Recente estudo realizado em parceria com as escolas públicas do ensino médio, em
São Paulo, identificou dois interesses básicos dos alunos: vontade de obter mais informações
sobre a continuidade dos estudos, após a conclusão da educação básica e sobre as
oportunidades e o ingresso no mercado de trabalho.

É impressionante constatar que, ao mesmo tempo em que a escola continua
oferecendo um ensino, como no passado, quando os interesses e as exigências eram outros, o
que é inaceitável diante da realidade de hoje, tenha deixado de fazer algo que fez, durante
décadas – orientação educacional e vocacional, exatamente o que os jovens esperam que elas
ofereçam para ajudá-los em sua caminhada escolar e profissional.

Para superar esta deficiência da escola e o desinteresse demonstrado pelos alunos é
necessário repensar os conteúdos e reformular as metodologias adotadas pelos professores, em
suas aulas, lembrando-se de que, além de conteúdos, a escola precisa formar jovens para
enfrentar desafios reais, e a aprendizagem para vencê-los tem que começar enquanto eles
estão frequentando as escolas de ensino fundamental.

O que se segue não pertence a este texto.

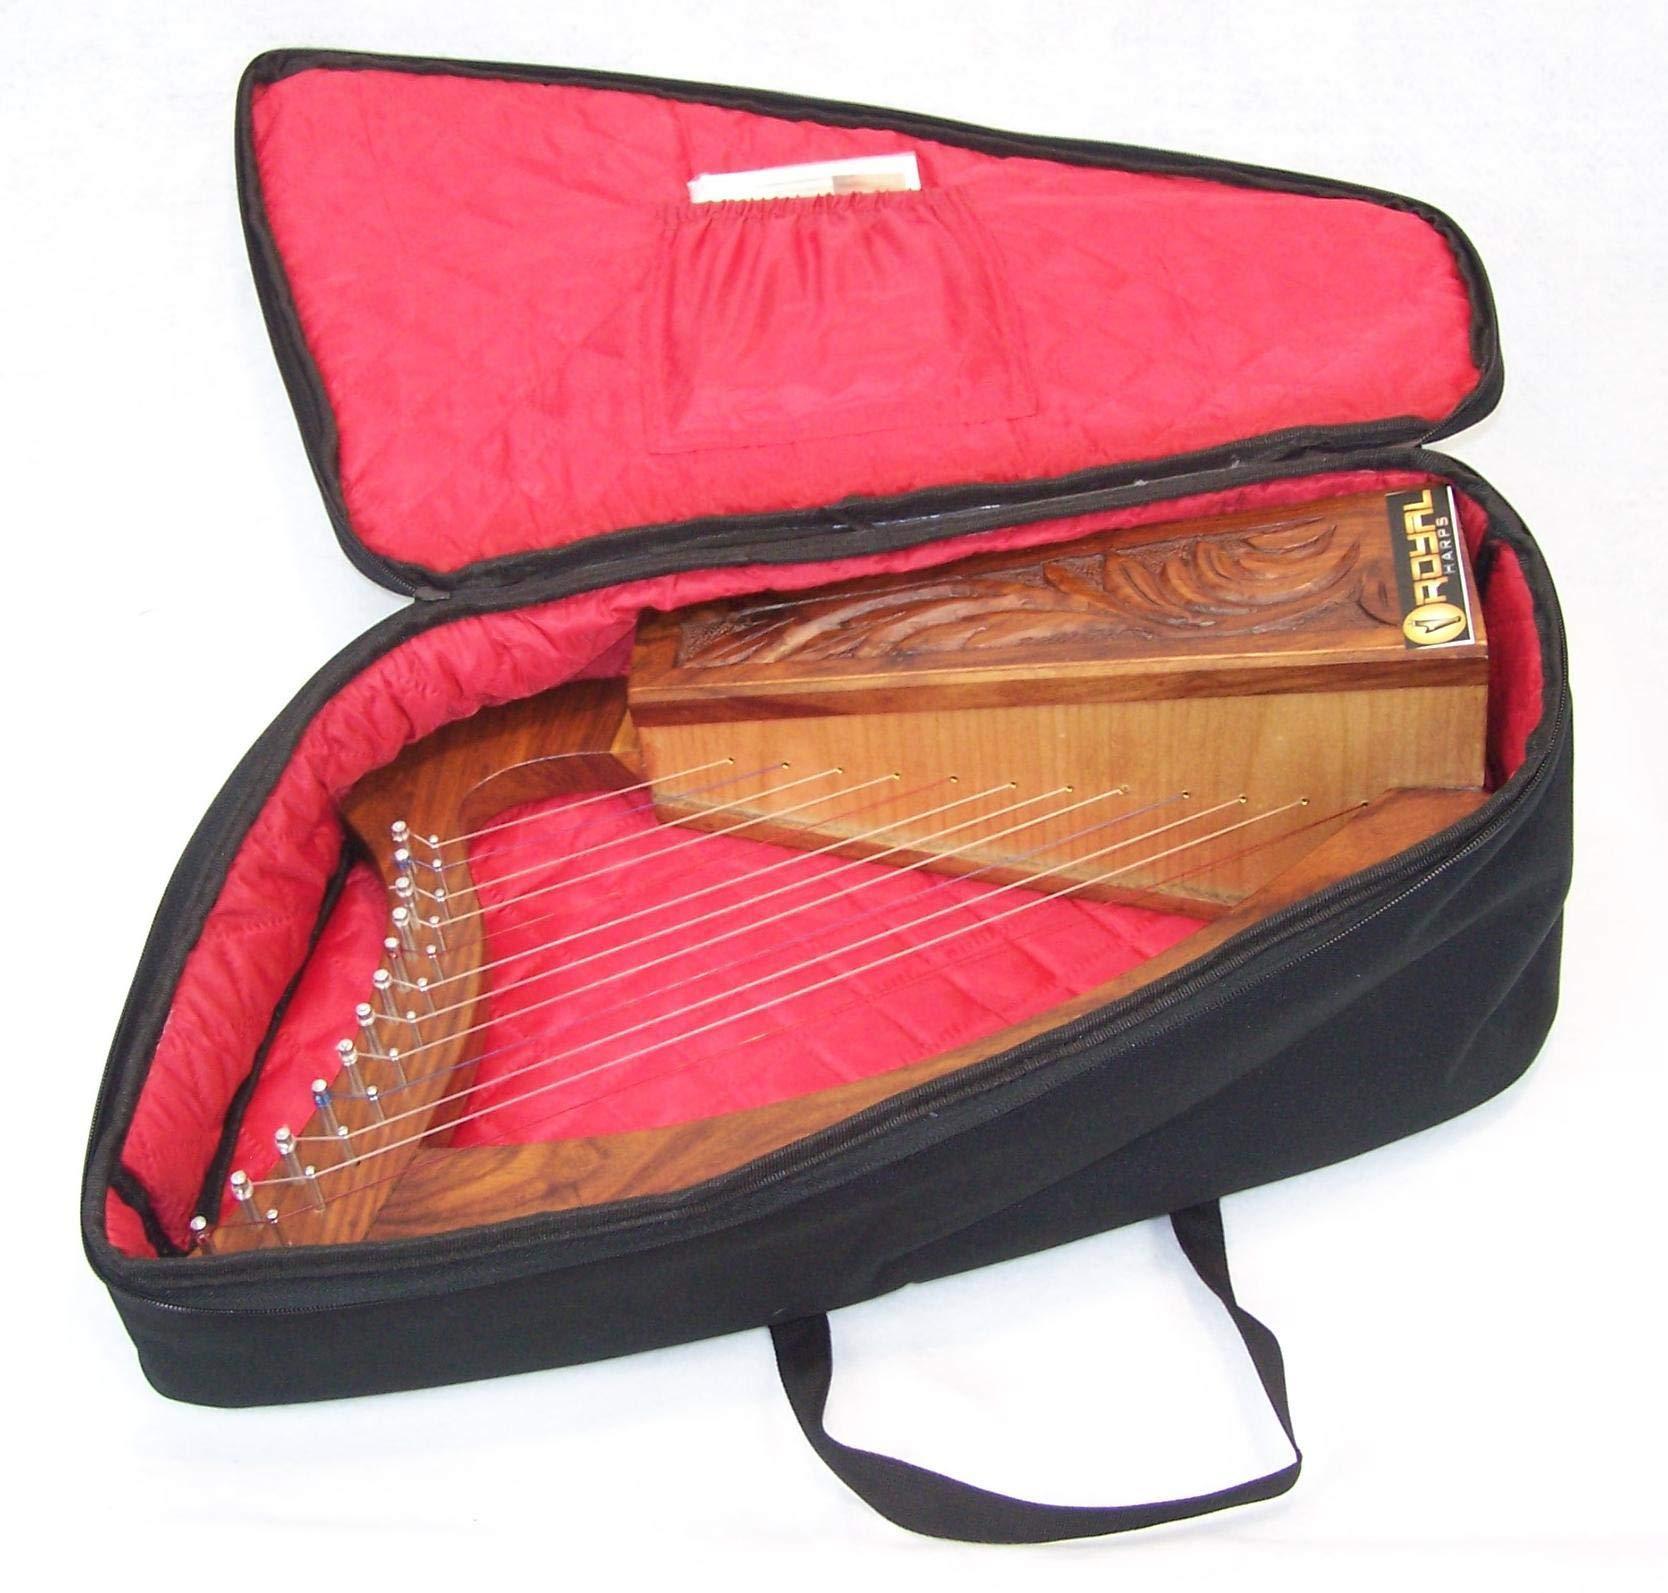 Celtic Irish Baby Harp 12 Strings Solid Wood Free Bag Strings Key by ROYAL HARPS (Image #3)

É importante que as escolas desenvolvam, nos alunos, habilidades não cognitivas,
como capacidade de colaboração, comunicação, autonomia, perseverança; valores como moral,
ética, solidariedade, cidadania, respeito, liberdade, responsabilidade.

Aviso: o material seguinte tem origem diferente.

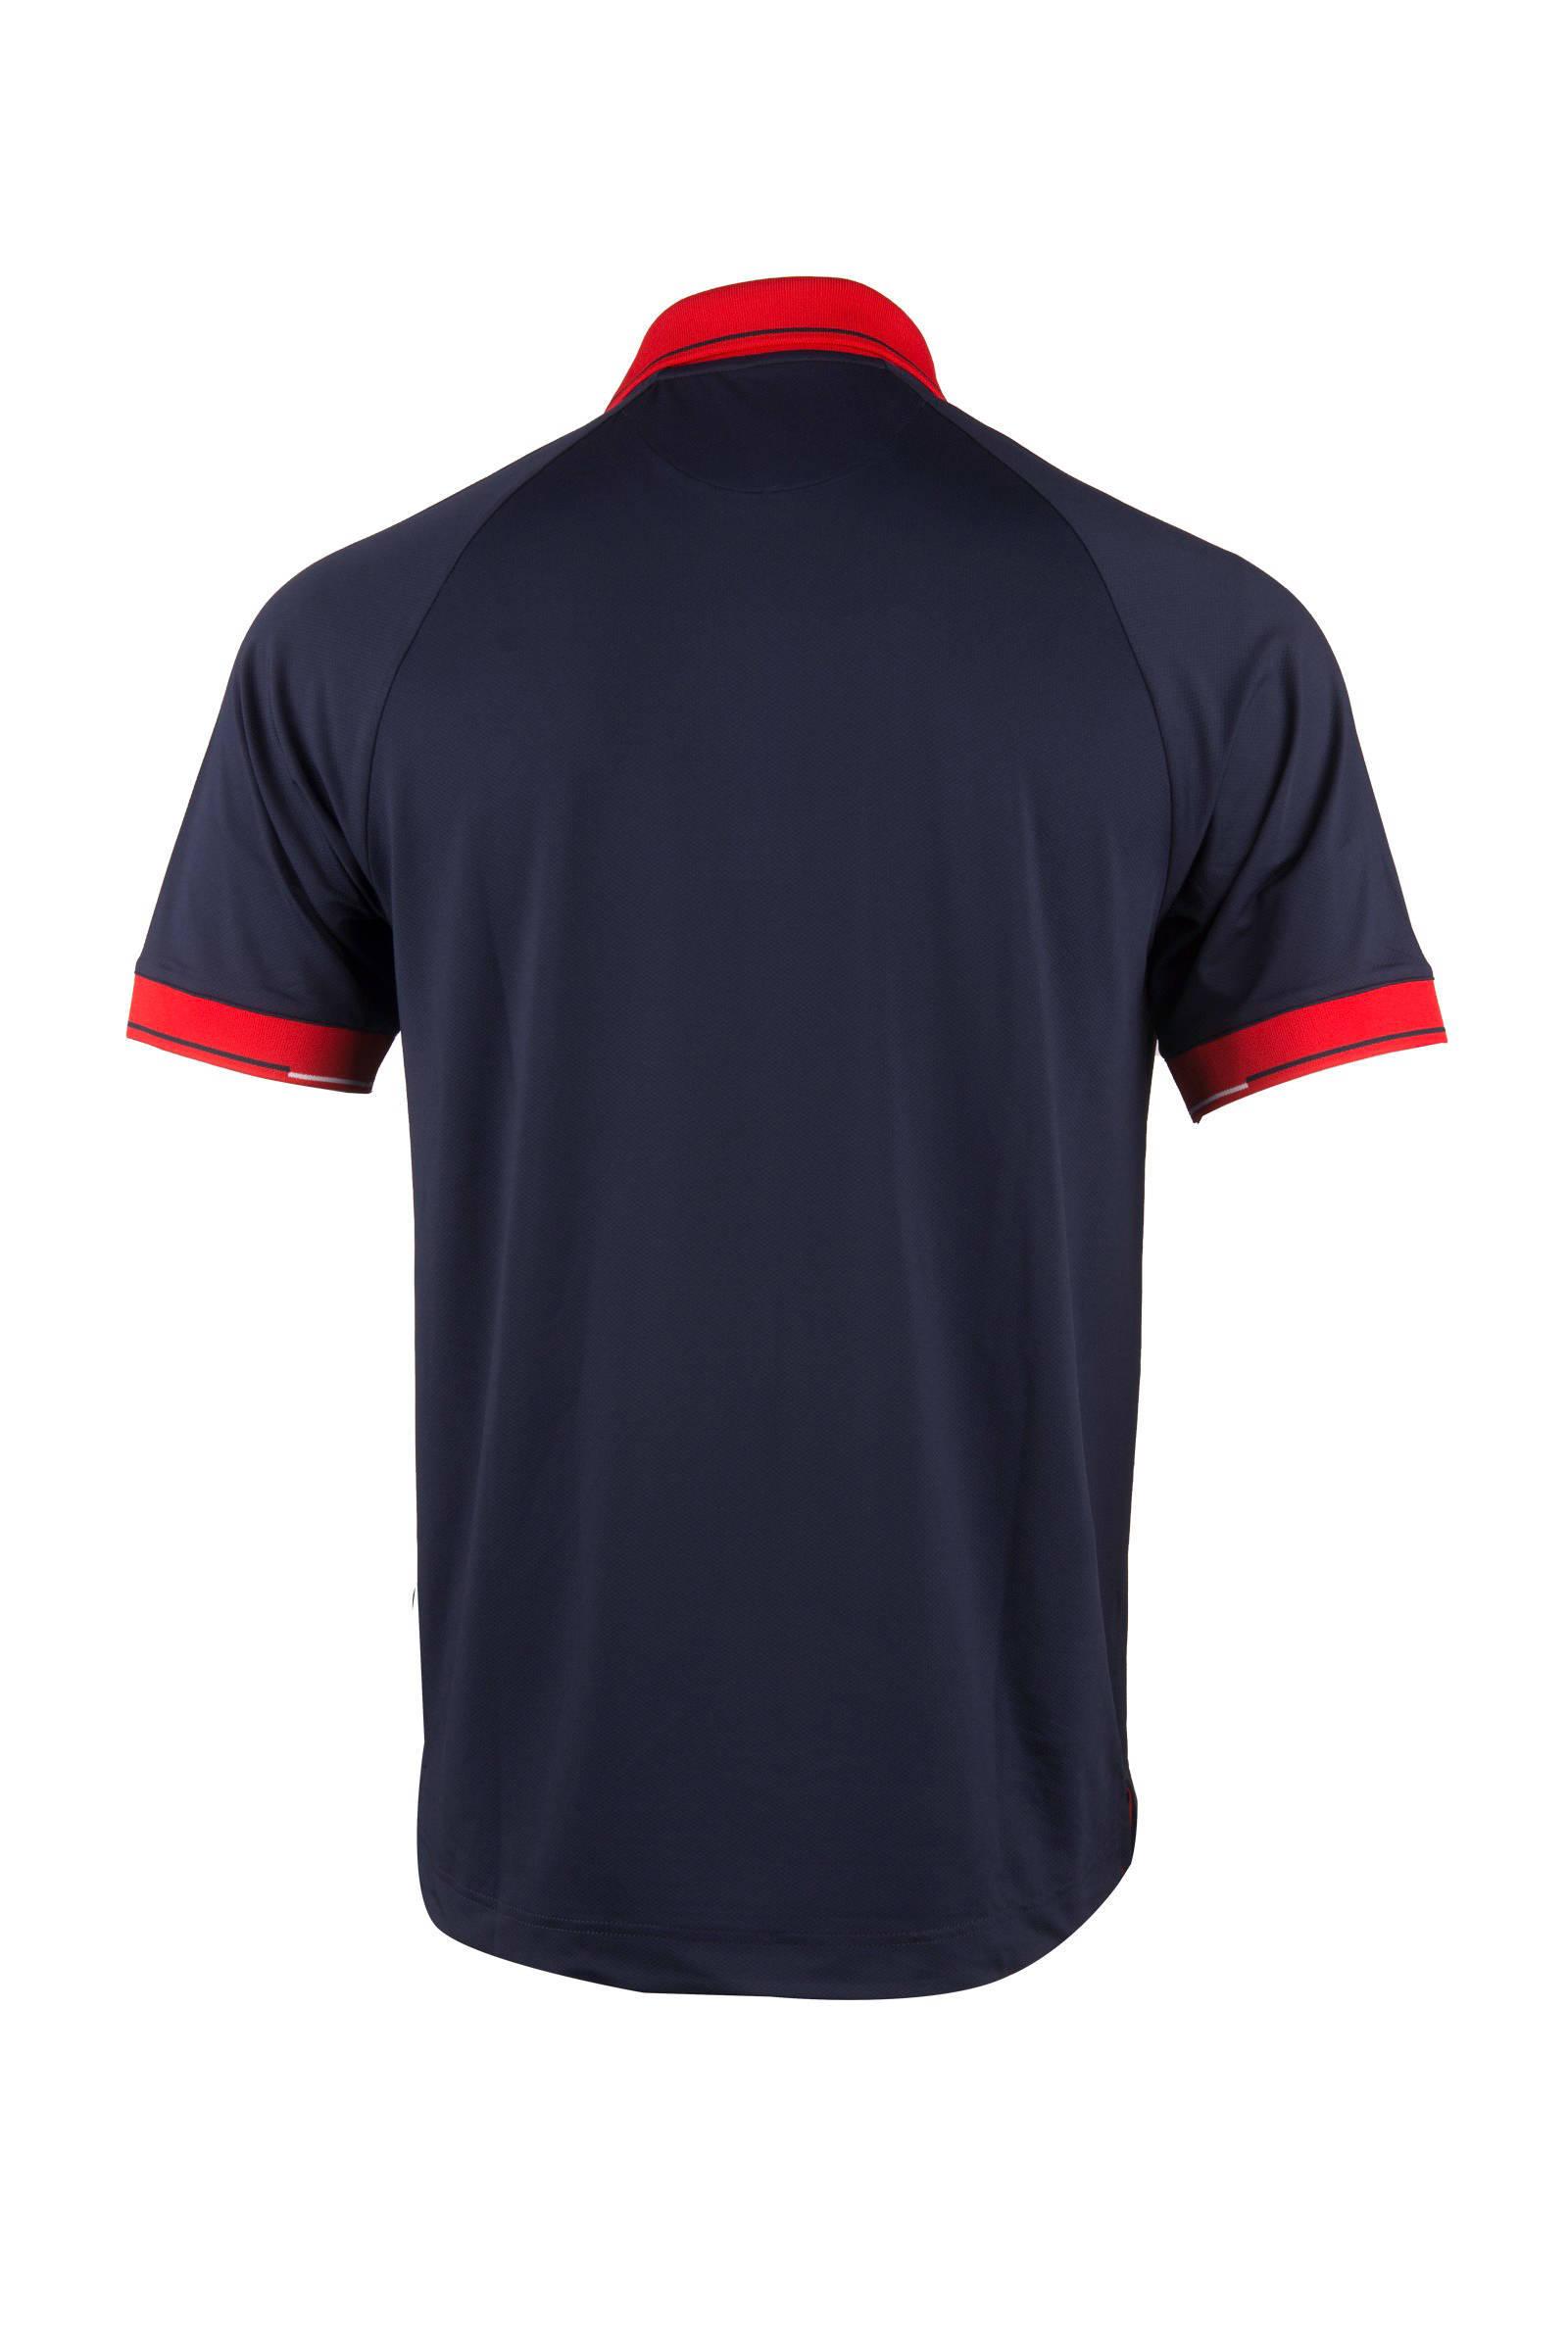 Swiss K sportpolo sportpolo K donkerblauw rood Swiss donkerblauw qBBwIPrTF

Para tornar nossa escola eficiente e com capacidade de manter o interesse dos alunos
é preciso que ela incorpore a experiência de outros espaços educativos, que ela leve em
consideração o saber construído por cada um, que conheça seus alunos, seus interesses, seu
ambiente familiar, sua história de vida.

Não podemos esquecer que o compromisso de oferecer uma educação que responda
aos interesses de hoje e aos desafios de amanha está, fundamentalmente, na mente e nas
mãos do educador.

Há muitos aspectos que os professores não podem esquecer e que, aqui, enumero
alguns: os alunos têm tempos diferentes para aprender, mas todos têm capacidade de
aprender. O dever do professor é conhecer e respeitar o tempo de cada um; estimular a
autoestima, manter a crença do aluno em sua capacidade de aprender.

É preciso que os professores transformem a sala de aula no local privilegiado, no
espaço social estimulador, na arena para o confronto construtivo de ideias entre professor e
alunos, entre alunos e alunos; no espaço mágico em que dúvidas e certezas se cruzam.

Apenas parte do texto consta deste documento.